Ade Bajomo holds a bachelor's degree in Civil Engineering from the University of Ife and a master's degree in Information Systems Engineering from South Bank University, London and an MBA from CASS Business School, London. Bajomo is a chartered member of the British Computer Society and a member of Institute of Directors.

== Career ==
Bajomo began his career in 1994 at Deutsche Bank where he served as Computing Manager and in 1997 moved to Fortis Bank, UK as the IT Director and served there until 2006 when he left to join Pearl Insurance Group as Head of IT Strategy and Systems serving there for just one year. From 2007 to 2011, he worked at Barclays Bank Plc UK as Regional Head of Transformation Programme. Bajomo returned to Nigeria in 2011 to join the Nigeria Stock Exchange (NSE) as Executive Director Market Operations and Technology for a term of five years.

Bajomo introduced several reforms at the NSE including digitalisation of trading systems with the launch of various technologies such as XGEN, XNET and a trading app – Trade Smart and organized the inaugural NSE Market Data Workshop. The market grew to become the second largest stock exchange in Africa by market capitalization with over seven million investors. He was the Chair of Market-Wide Infrastructure and Technology sub-committee of the Nigeria Capital Market Committee and was a board member of NASD Plc (Nigeria's Over the Counter Exchange). He was reappointed by the NSE in 2016 for a second term but resigned in December 2017.

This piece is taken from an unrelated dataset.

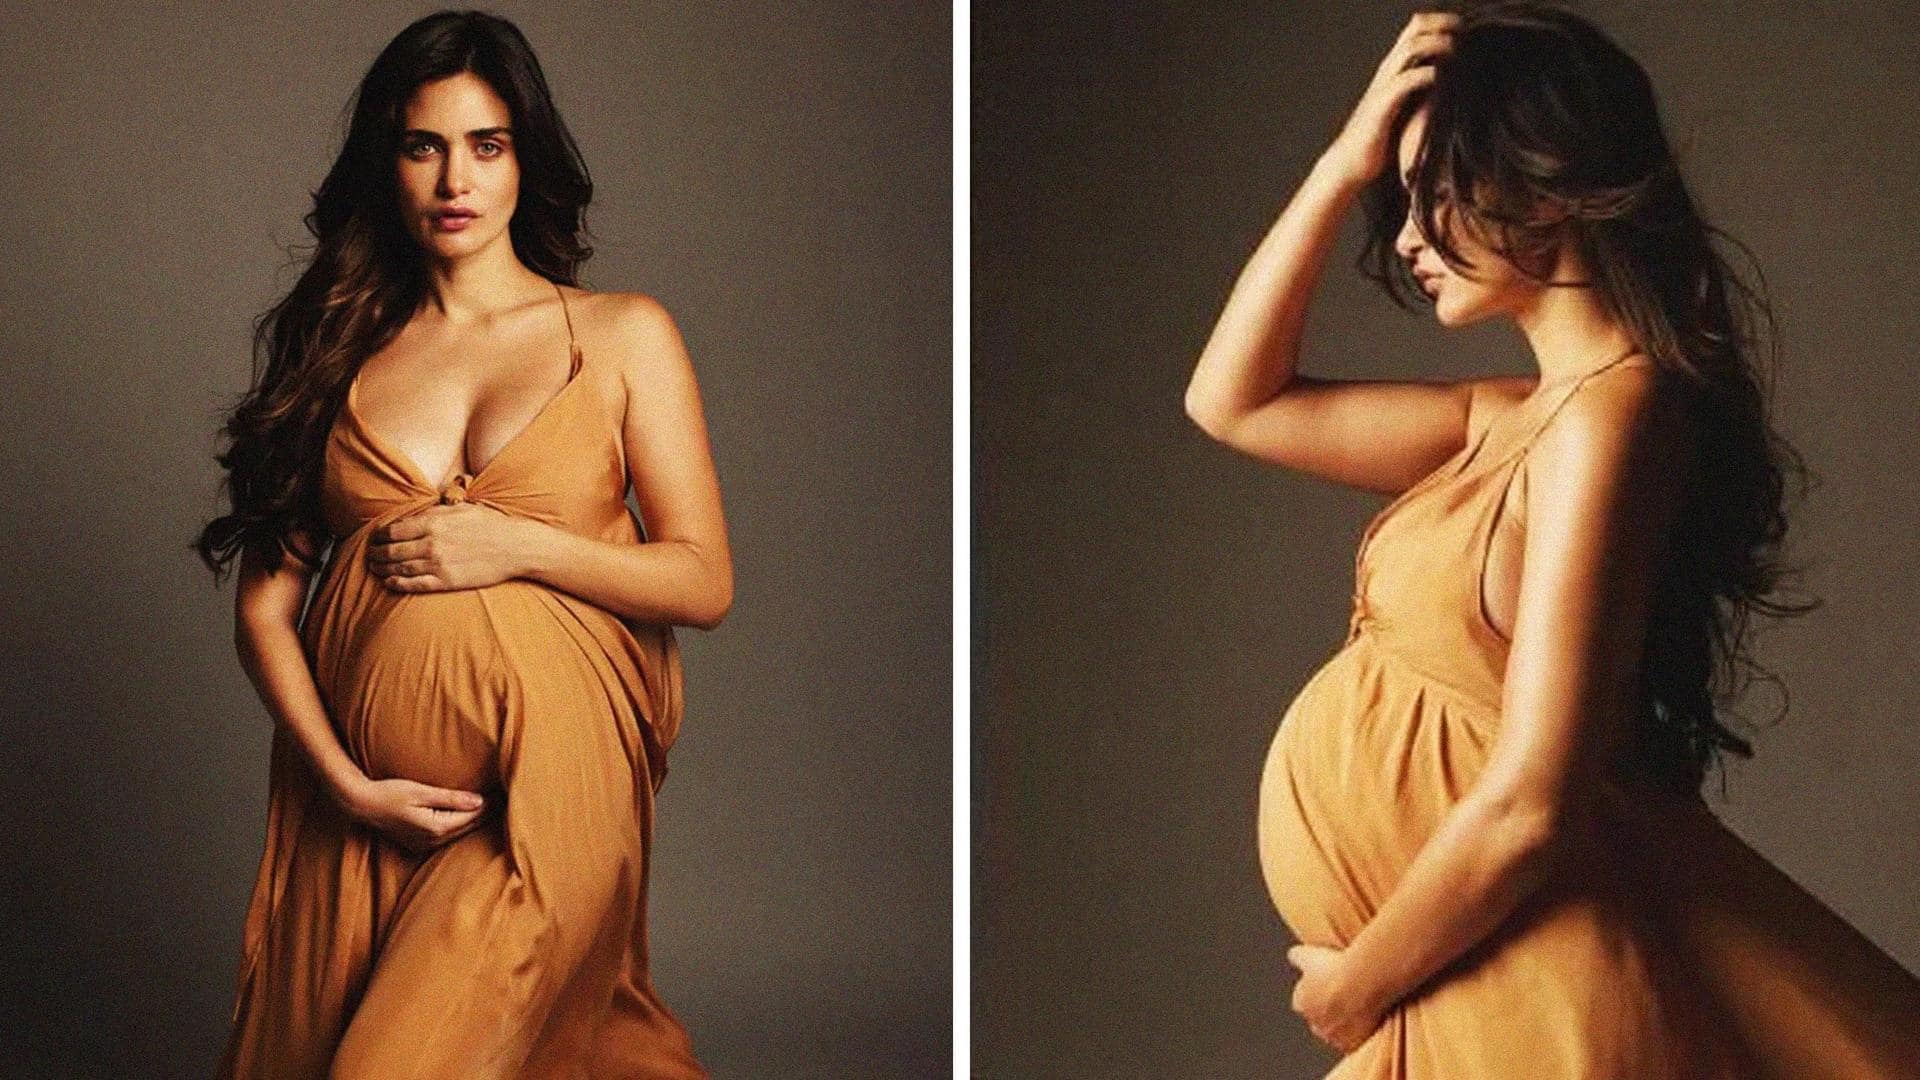 Arjun Rampal's girlfriend and model Gabriella Demetriades announces 2nd pregnancy

Bajomo was appointed to the board of Access Bank Plc as the executive director, Information Technology and Operations in January 2018. He introduced advanced digital transformation, core banking upgrades  and operations automation at the bank leading to growth of its customer base from seven to fifty million emerging as the Africa's largest retail bank by number of customers. Bajomo resigned from the board in 2022.

He currently serves as the President of FinTech Association of Nigeria – a self-regulatory, nonprofit and non-partisan organization focused on accelerating the growth of financial technology in Nigeria. He was Vice President of the association from 2019 to 2020 when he was appointed president.